PROBLEM TO SOLVE: The output is a word-for-word repeat of the listing below, free of images.

INFORMATION SUPPLIED:
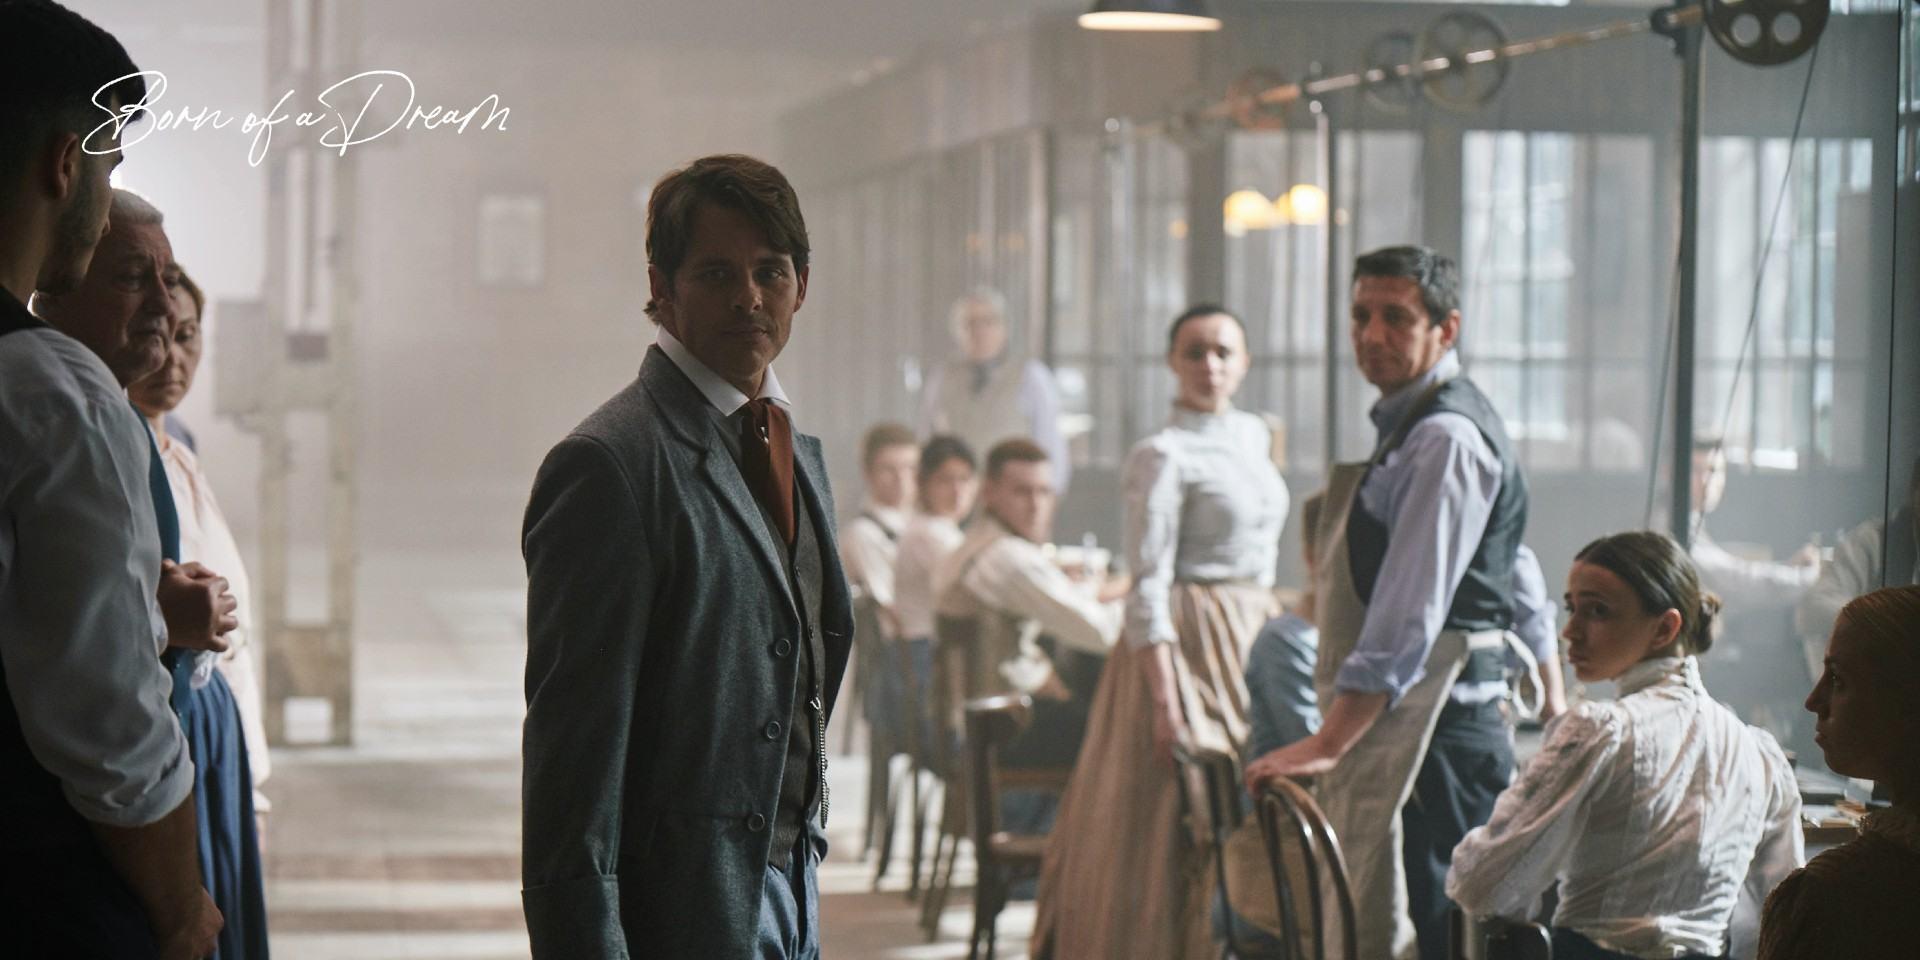 IWC《夢想的誕生》第二部微電影由品牌大使詹姆斯.馬斯登飾演品牌創辦人佛羅倫汀.瓊斯
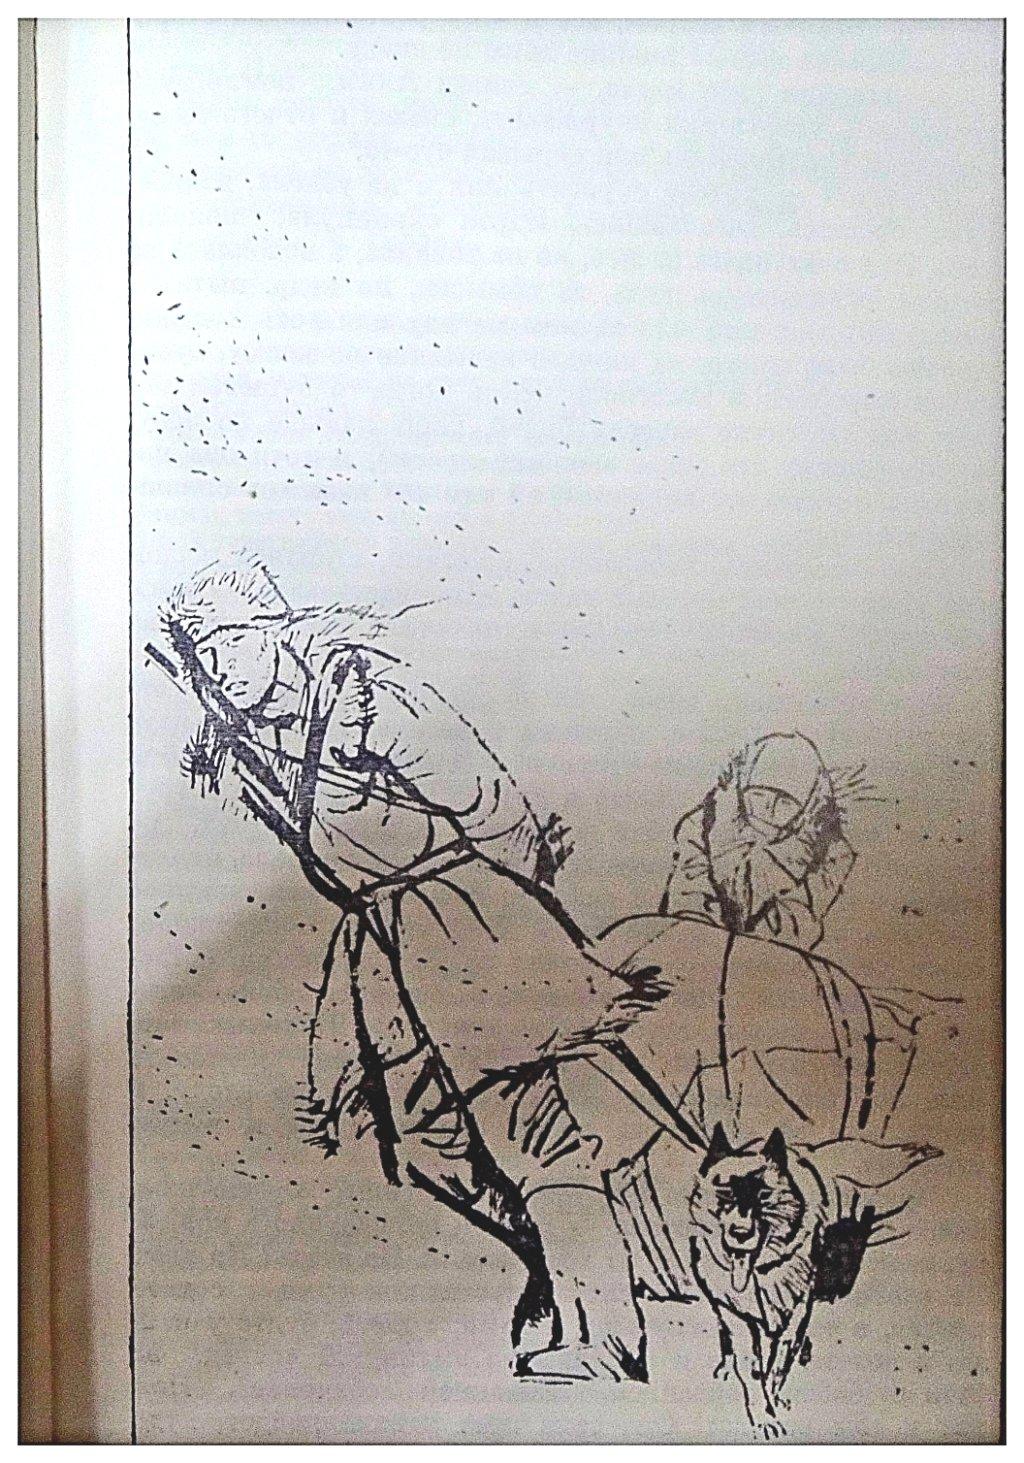 Виктор Астафьев, из книги Царь-рыба, иллюстрации, фото 007
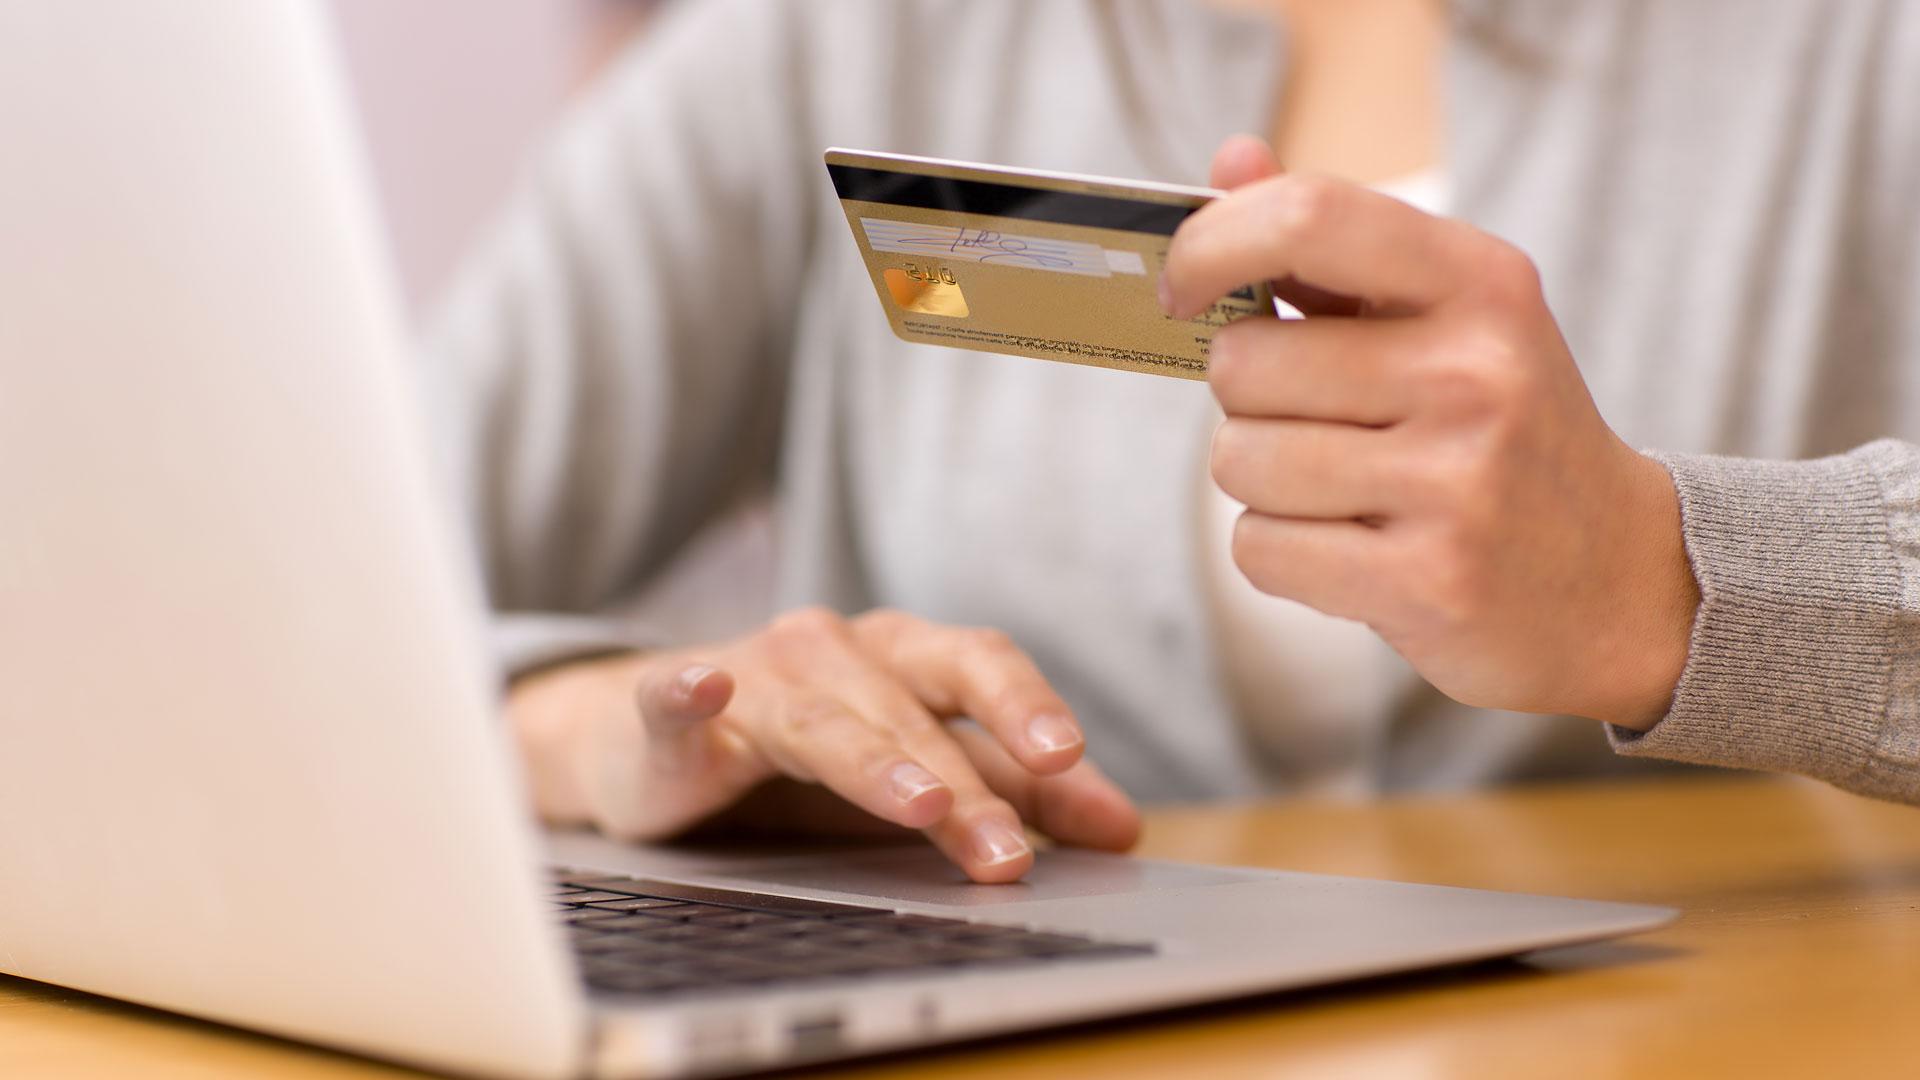 El cepo cambiario fue el comienzo para nuevos controles en las compras. (Shutterstock)

EXERCISE SOLUTION:
 IWC《夢想的誕生》第二部微電影由品牌大使詹姆斯.馬斯登飾演品牌創辦人佛羅倫汀.瓊斯
 Виктор Астафьев, из книги Царь-рыба, иллюстрации, фото 007
 El cepo cambiario fue el comienzo para nuevos controles en las compras. (Shutterstock)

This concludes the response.